キャンプ場で遭遇してしまった溺死体の犯人は誰?焼き鳥屋の秘伝のたれを奪った怪盗ウエハースの正体は?東川篤哉さんが贈る凹凸コンビの事件解決冒険譚!
軽快なタッチとユーモアあふれる登場人物たちのやり取りを思う存分楽しんじゃいましょう。短編全4編収録。あなたは、アリサより先に事件を解決できますか?
感想
主人公のユニークな設定
最初、小学生の女の子が探偵という設定に名探偵コナンを連想しました。確かに、頭が切れるけれど、見た目が子供で推理に信憑性がないので、ヘタレ三十路男、橘に推理を展開してもらうという点がすごく似ていました。

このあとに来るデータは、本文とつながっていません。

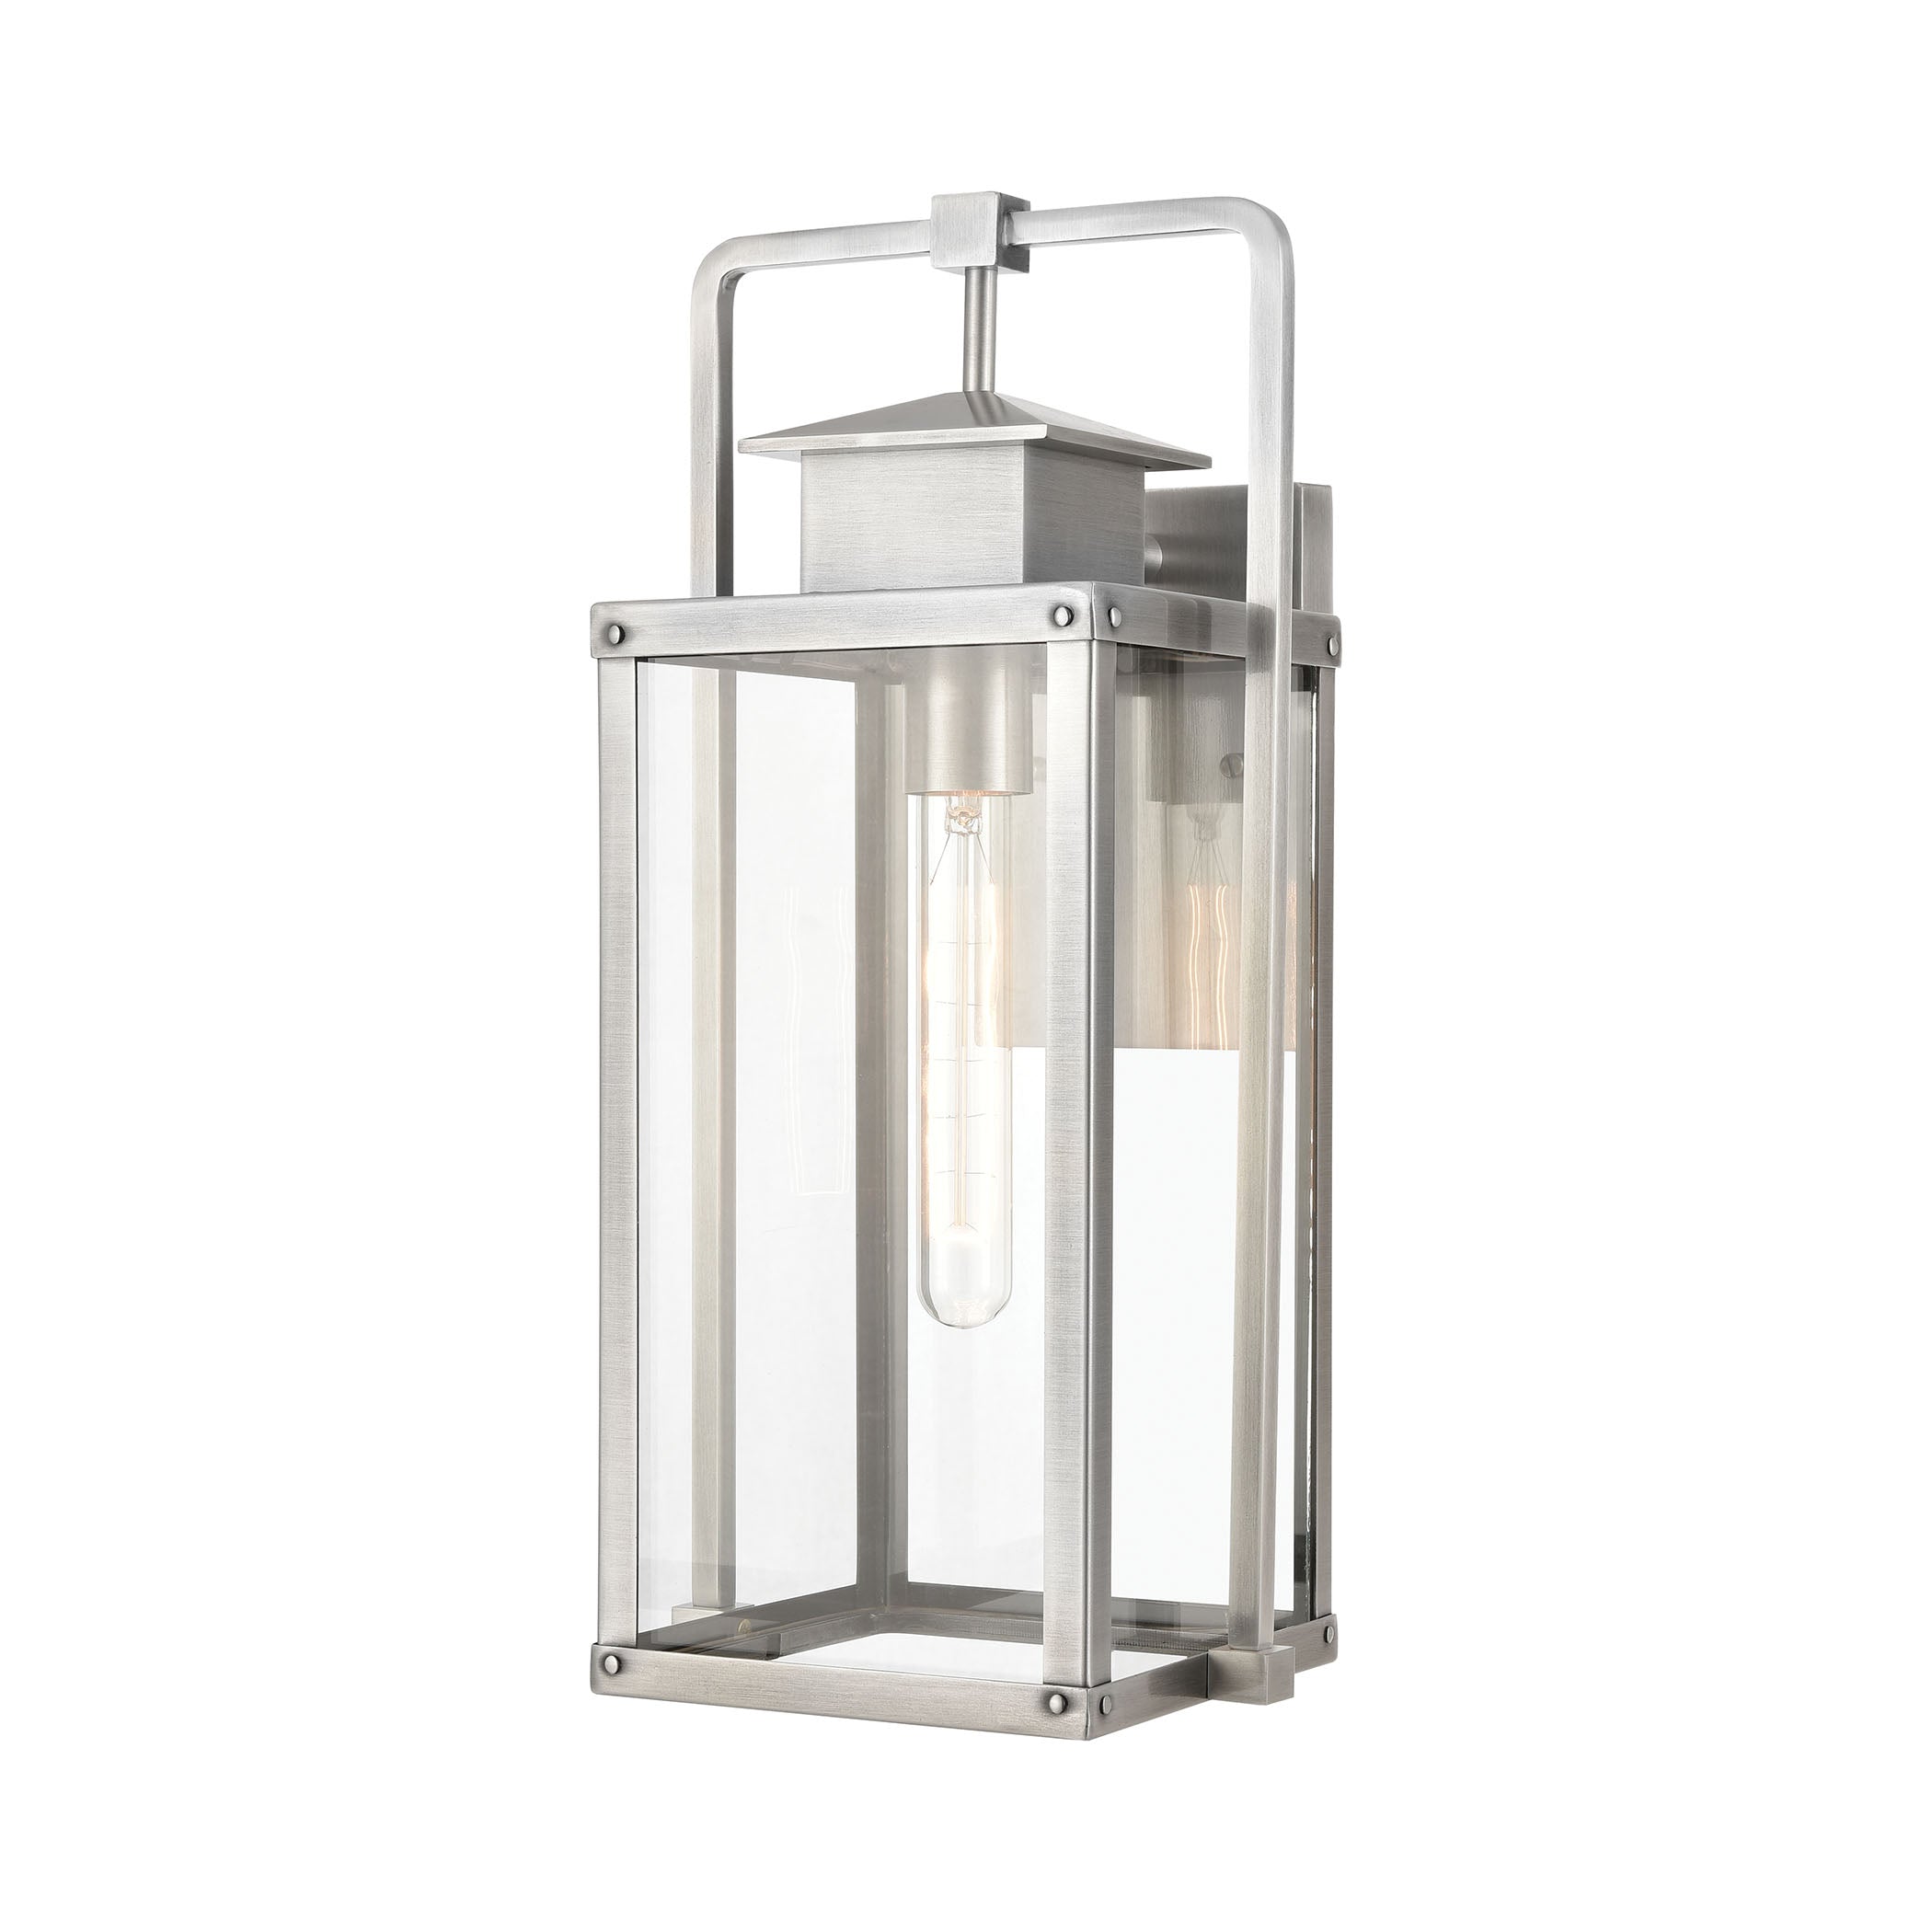 ELK Lighting 89172/1 Crested Butte 1-Light Outdoor Sconce in Antique Brushed Aluminum with Clear Glass Enclosure

しかし、ナイフを持った犯人にドロップキックを決めたり、睡眠薬を家政婦さんに飲ませて眠らせてしまったりとなかなかに破天荒で、そこはコナン君と違いますね…(笑)
巧みなミステリー要素も◎
設定のユニークさで終わらない巧みなミステリー要素も魅力です。
「名探偵、夏休みに浮かれる」では、ささいな違和感や言動が伏線となっていて、アリサはそれを糸口として、見事に推理してみせます。このお話に限りませんが、アリバイトリックが暴かれる瞬間がとても気持ちがいいです。
「名探偵、笑いの神に翻弄される」では、犯人の動機が、よくあることといえるかもしれませんが、人間の感情が入り組んでいて面白かったです。そして、動機だけでなく、その事件を起こす条件が整っている人という観点から考えていったアリサは、小学生とは思えない頭脳をやはり持っているな…と感心してしまいました。
お腹を抱えて笑えるポップなミステリー
東川さんの小説は、「謎解きはディナーのあとで」に代表されるように、くすっと笑える話し手の心境の描写やセルフ突っ込み、文章の節々に溢れるユーモアが魅力だと思います。
最近は、気分が落ち込むことがあって、大好きな綾辻行人さんの館物とか読む気にはなれなかったので、このようなポップなミステリーを選択したのですが、正解でした。
(いや、もちろん、綾辻さんの本、大好きなんです。が、密室殺人事件の不穏な空気感とか、Anotherシリーズの不気味なゾクゾク感とか、落ち込んでいる今は楽しく味わえないというだけで笑)
「探偵少女アリサの事件簿」は、爆笑しながら軽く読めるし、かといってトリックがおざなりになっているわけではなく、アリサのように私には見破れませんでした(笑)
疲れていたって、気分が落ち込んでいたって読める、いや、そんなときにほどお腹を抱えながら呼んでほしい、そんなミステリーです。ぜひ、お手にとってみてください!